I've read that painting rooftops white can help to cool cities. So does ploughing away the snow warm the earth up and add to global warming?


We put this question to John King from the British Antarctic Survey in Cambridge: John - Well, the thing about snow is that it's quite reflective compared to bare ground. A good thick snow cover will reflect back up to 80 percent or even more of the sunlight that's falling on it. Whereas bare ground or grasslands might only reflect 10 or 20 percent of the sunlight falling on it and so, the sunlight warms it up considerably. So, if you replace that bare ground by snow cover, then a lot of the sunlight that would've heated the ground just gets reflected back into space.

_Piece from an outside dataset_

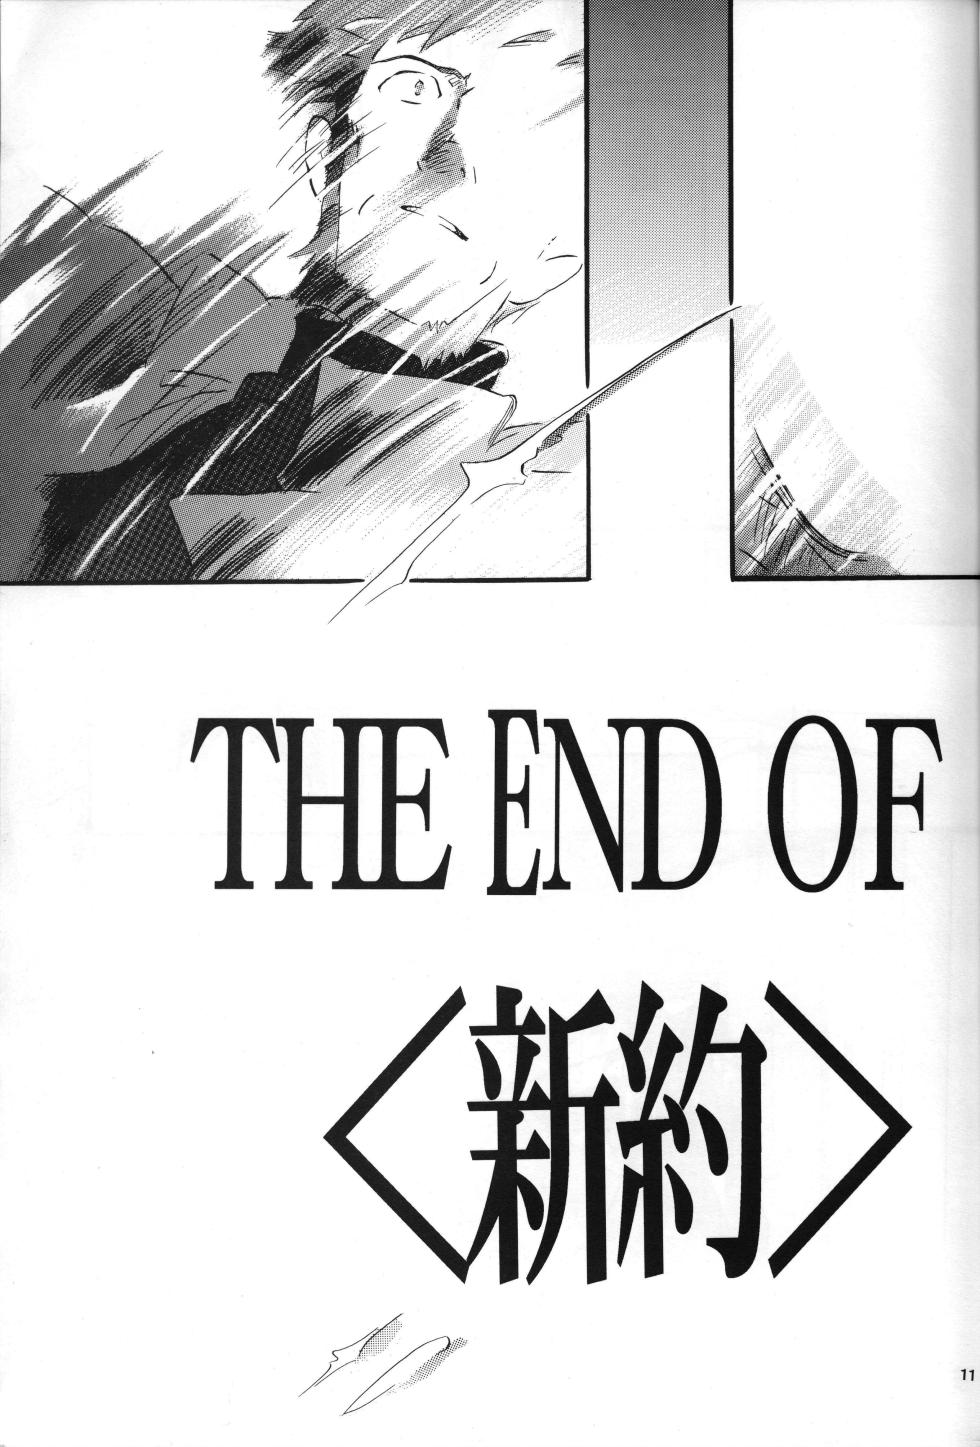 [PEPPY ANGEL (GRAN, Sakuratsuki Rin)] THE END OF PEPPY ANGEL <Shinyaku> NEON GENESIS documentＳ (Neon Genesis Evangelion) - Page 11
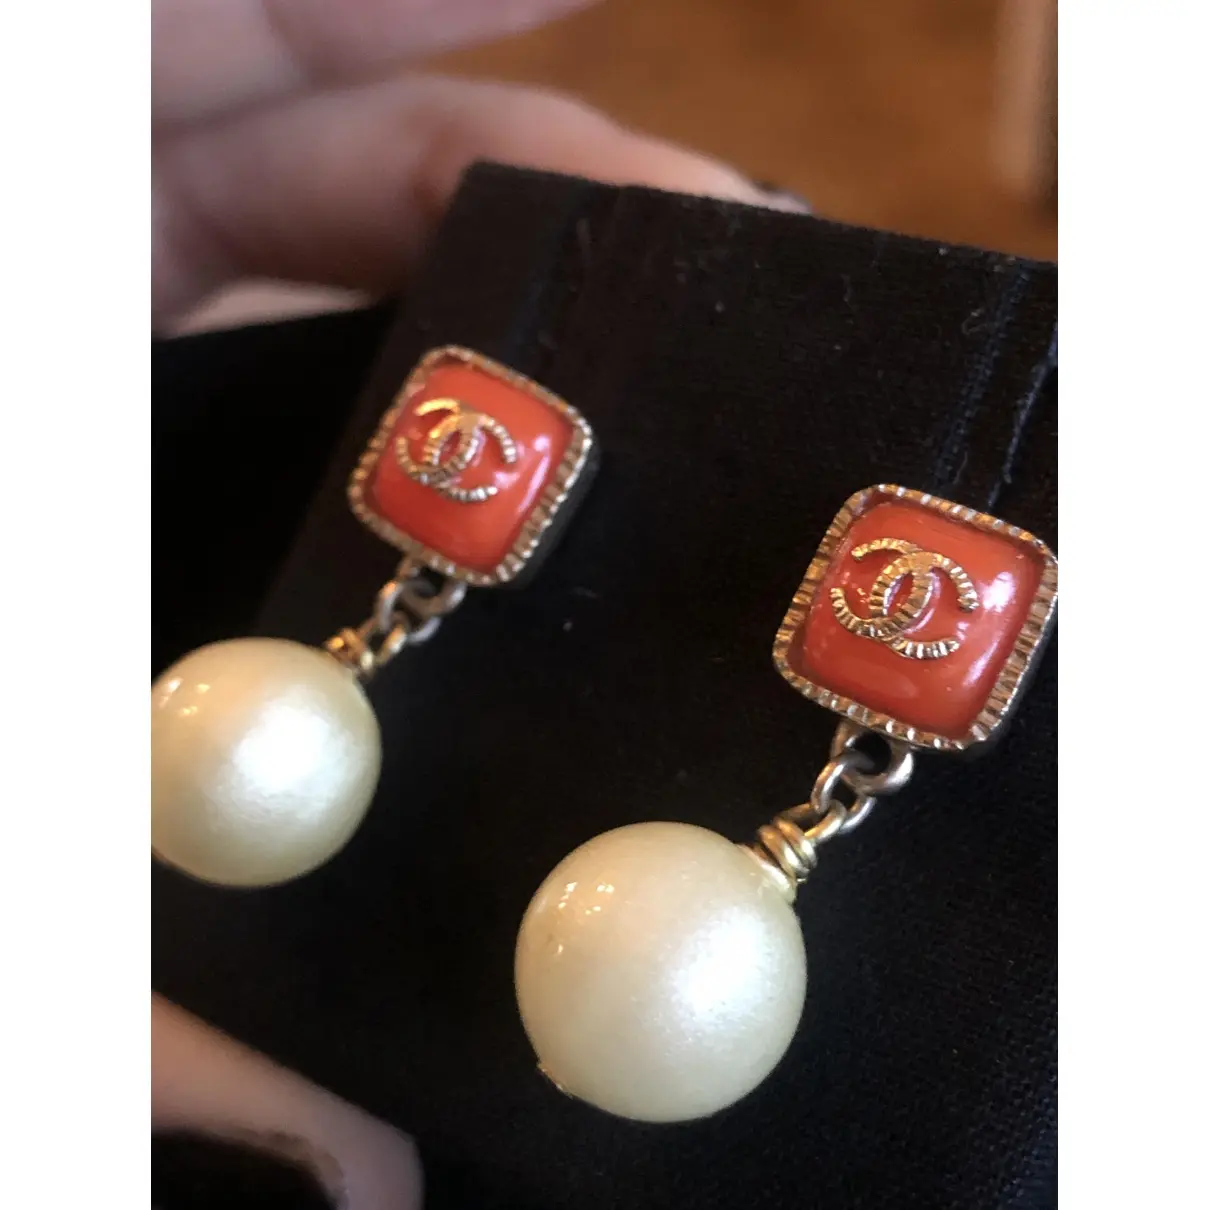 Buy Chanel Pearls earrings online

So, if you remove a snow cover by ploughing it up or sweeping it away or whatever, revealing the bare ground underneath, then the ground is going to absorb a lot more sunlight, and will warm up a lot more quickly than if the snow were there. We are having an effect on the reflectivity, the albedo of the planet by changing land use for instance; cutting down forests and replacing them with grasslands. But that generally has the opposite effect, forests absorb quite a lot of sunlight, grassland is less reflective. People have suggested that we could partially offset global warming by painting the roofs of all of our buildings white. I think some calculations have been done that have showed that this will be a good thing, but it wouldn't have a very large effect because you're only talking about a rather small area of the planet that you'll be changing the reflectivity of.